Yasser Shekofteh; Farshad Almasganj; Ayoub Daliri

首页> 外文期刊>Engineering Applications of Artificial Intelligence >MLP-based isolated phoneme classification using likelihood features extracted from reconstructed phase space

【24h】

MLP-based isolated phoneme classification using likelihood features extracted from reconstructed phase space

机译：使用从重构相空间提取的似然特征的基于MLP的孤立音素分类

获取原文

获取原文并翻译 | 示例

掌桥外文数据库（机构版） >>

开具论文收录证明 >>

文献代查 >>

页面导航

摘要
著录项
相似文献
相关主题

摘要

Nonlinear properties of a complex signal can be represented in reconstructed phase space (RPS). Previously, researchers have developed RPS-based feature extraction approaches to capture nonlinear properties. Typically, these approaches are more computationally demanding - higher run-time - and less accurate than traditional techniques such as Mel-frequency cepstral coefficients (MFCCs) that fail to capture nonlinear properties of signals. To overcome these issues, we propose a new RPS-based feature extraction approach that is based on a previously reported approach. The proposed approach calculates the similarities between the embedded speech signals and a set of predefined speech attractor models in the RPS, and uses the similarities as a set of proper input features for a final phonetic classifier. A set of Gaussian mixture models (GMMs) is trained to represent the variety of all phoneme attractors in the RPS. Using the developed GMMs, for each embedded out-sample speech signal, a feature vector is calculated that consists of the Log-likelihoods. Then, an MLP-based classifier is used to estimate posterior probabilities for the phoneme classes. To test the performance of the proposed approach, we apply the approach to a Persian speech corpus (i.e., FARSDAT).
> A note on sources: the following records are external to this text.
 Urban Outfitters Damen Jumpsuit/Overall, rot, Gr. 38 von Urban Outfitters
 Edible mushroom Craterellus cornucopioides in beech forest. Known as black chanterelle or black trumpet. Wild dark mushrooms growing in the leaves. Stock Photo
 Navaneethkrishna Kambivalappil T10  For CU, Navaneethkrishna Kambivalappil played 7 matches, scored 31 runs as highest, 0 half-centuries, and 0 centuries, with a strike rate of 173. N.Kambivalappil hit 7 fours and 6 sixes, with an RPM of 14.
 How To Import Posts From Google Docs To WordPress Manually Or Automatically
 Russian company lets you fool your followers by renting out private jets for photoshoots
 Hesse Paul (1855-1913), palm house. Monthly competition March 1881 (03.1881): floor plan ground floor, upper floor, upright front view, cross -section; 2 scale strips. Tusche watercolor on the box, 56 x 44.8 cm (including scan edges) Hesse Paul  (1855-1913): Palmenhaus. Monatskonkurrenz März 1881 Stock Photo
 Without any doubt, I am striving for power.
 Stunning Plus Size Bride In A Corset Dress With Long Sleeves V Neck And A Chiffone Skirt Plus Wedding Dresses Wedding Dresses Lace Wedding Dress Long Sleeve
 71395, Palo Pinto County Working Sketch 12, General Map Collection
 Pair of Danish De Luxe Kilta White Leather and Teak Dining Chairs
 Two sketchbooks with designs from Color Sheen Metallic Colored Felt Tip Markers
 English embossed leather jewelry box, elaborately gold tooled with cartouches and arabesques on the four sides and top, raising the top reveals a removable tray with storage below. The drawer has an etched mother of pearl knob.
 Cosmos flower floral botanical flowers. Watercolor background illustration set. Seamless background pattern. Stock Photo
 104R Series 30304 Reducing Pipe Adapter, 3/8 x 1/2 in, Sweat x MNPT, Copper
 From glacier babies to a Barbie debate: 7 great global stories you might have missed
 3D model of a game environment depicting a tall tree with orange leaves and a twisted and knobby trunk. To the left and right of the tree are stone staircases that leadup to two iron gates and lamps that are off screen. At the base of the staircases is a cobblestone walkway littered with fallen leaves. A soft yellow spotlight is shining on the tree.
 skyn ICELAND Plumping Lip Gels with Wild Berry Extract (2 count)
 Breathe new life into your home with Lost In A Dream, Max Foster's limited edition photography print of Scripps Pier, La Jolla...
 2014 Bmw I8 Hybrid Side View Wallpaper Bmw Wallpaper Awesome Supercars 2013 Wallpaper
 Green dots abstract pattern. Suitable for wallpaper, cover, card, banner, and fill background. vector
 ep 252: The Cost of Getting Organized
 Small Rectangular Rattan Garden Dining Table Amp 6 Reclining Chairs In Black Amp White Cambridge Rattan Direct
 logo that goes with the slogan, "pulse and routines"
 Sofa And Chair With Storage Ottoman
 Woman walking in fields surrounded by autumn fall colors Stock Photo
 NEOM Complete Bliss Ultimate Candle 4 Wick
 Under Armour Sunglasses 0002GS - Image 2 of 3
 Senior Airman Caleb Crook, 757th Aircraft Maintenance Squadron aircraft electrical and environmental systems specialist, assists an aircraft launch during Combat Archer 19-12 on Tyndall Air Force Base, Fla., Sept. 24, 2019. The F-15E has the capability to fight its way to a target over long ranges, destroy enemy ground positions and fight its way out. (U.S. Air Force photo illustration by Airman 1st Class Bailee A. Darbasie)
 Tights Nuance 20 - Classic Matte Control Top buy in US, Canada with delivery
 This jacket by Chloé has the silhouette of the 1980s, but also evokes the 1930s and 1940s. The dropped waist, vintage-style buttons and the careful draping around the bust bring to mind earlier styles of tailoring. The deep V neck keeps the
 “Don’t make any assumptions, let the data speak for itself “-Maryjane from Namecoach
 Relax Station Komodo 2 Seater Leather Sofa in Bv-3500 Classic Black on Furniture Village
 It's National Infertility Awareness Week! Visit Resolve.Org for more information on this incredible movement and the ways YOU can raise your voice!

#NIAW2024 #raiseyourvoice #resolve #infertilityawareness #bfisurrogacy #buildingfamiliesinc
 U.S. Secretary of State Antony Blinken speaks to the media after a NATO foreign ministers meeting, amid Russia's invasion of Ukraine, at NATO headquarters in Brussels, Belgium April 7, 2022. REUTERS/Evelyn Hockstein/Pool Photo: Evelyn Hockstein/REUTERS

Results show 1.89% absolute classification accuracy improvement in comparison to performance of a baseline system that exploits MFCC features. Combining different classifiers that use the proposed RPS-based features and MFCC features, the classifier gain the highest accuracy of 68.85% phoneme classification rate, with absolute accuracy improvements of 4.78% against a baseline system.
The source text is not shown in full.